Gavin Lowe
- Date of birth: 1 March 1995 (age 30)
- Place of birth: Carluke, Scotland
- Height: 5 ft 11 in (1.80 m)
- Weight: 87 kg (13 st 10 lb)
- School: Auchinleck Academy

Rugby union career
- Position(s): Full Back

Amateur team(s)
- Years: Team / Apps / (Points)
- Ayr RFC /  / ()
- Glasgow Hawks /  / ()
- 2017-: Marr /  / ()

Senior career
- Years: Team / Apps / (Points)
- 2013-15: Glasgow Warriors / 5 / (15)

Super Rugby
- Years: Team / Apps / (Points)
- 2021-: Ayrshire Bulls / 3 / (5)

International career
- Years: Team / Apps / (Points)
- Scotland U18
- 2013–2014: Scotland U20 / 3 / (12)

National sevens team
- Years: Team /  / Comps
- 2014–: Scotland 7s /  / 42 (590)

= Gavin Lowe =

Scottish rugby union player

Gavin Lowe (born 1 March 1995 in Carluke) is a Scottish international 7s rugby union player at the Full Back position.

==Rugby union career==

===Amateur career===

Lowe first played his rugby for Ayr Rugby but moved on to the Glasgow Hawks.

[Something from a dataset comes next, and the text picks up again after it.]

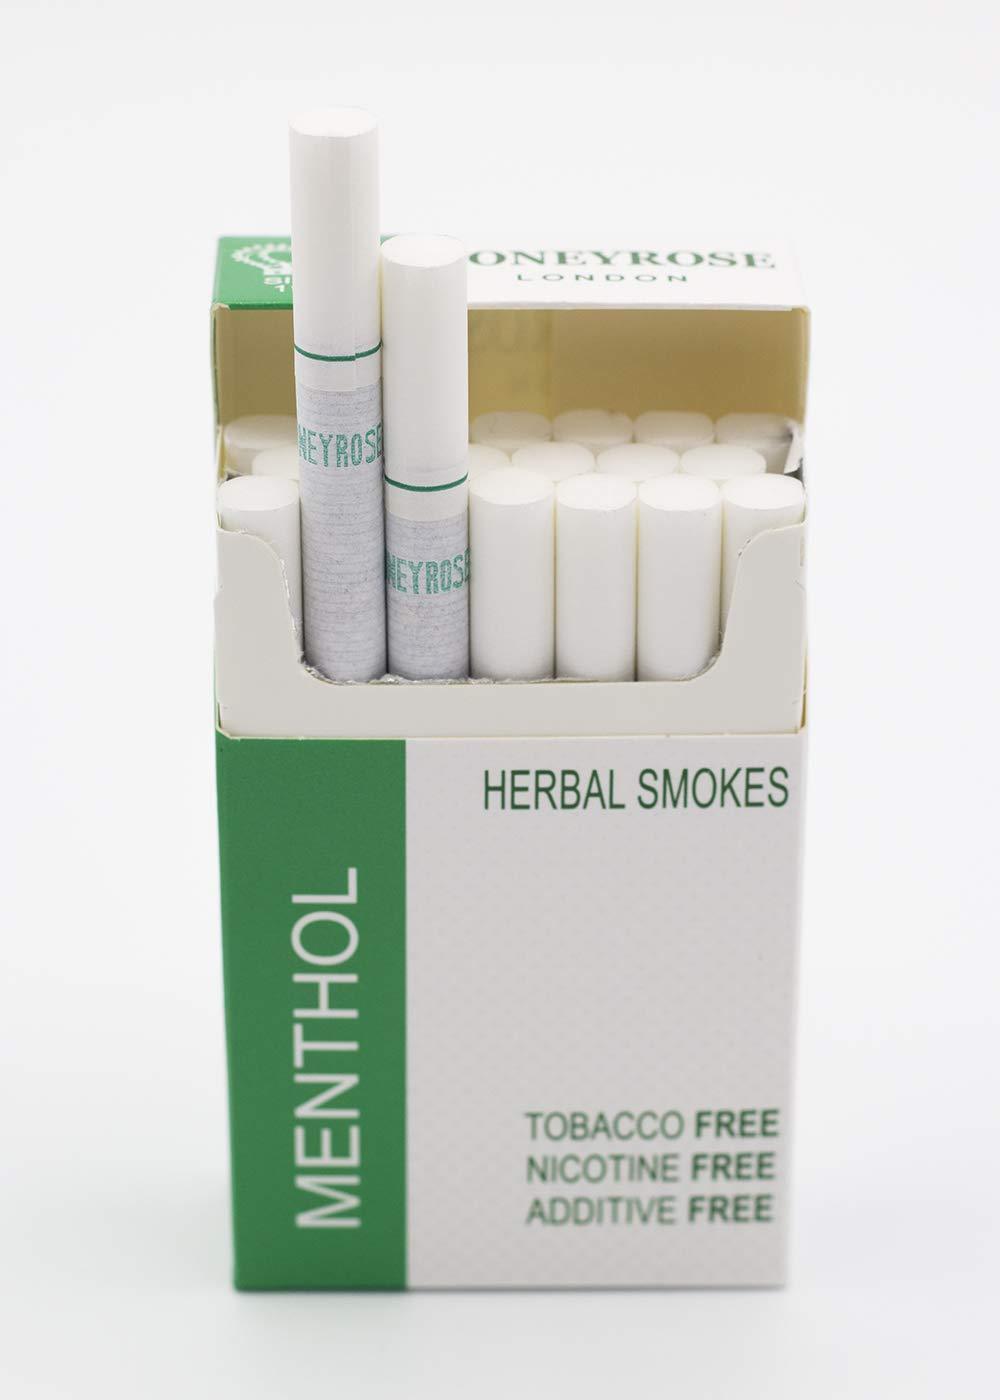 honeyrose menthol herbal cigarettes review

He was confirmed as part of SportScotland's academy system in 2013.

Lowe has been drafted to Marr in the Scottish Premiership for the 2017-18 season.

===Professional career===

Lowe secured an Elite Development Programme position at the Glasgow Warriors in 2013 and in 2014. This meant he could continue playing for Glasgow Hawks whilst training and challenging for a place at the Warriors.

He played for Glasgow Warriors in their match against Aberdeen GSFP on 8 August 2013, scoring a try in the match.

After 2 seasons with the Warriors, he was released in 2015.

On 23 June 2021 it was announced that he had been signed by the Ayrshire Bulls to play in the Super 6.

===International career===

Lowe is now a regular in the Scotland 7s side.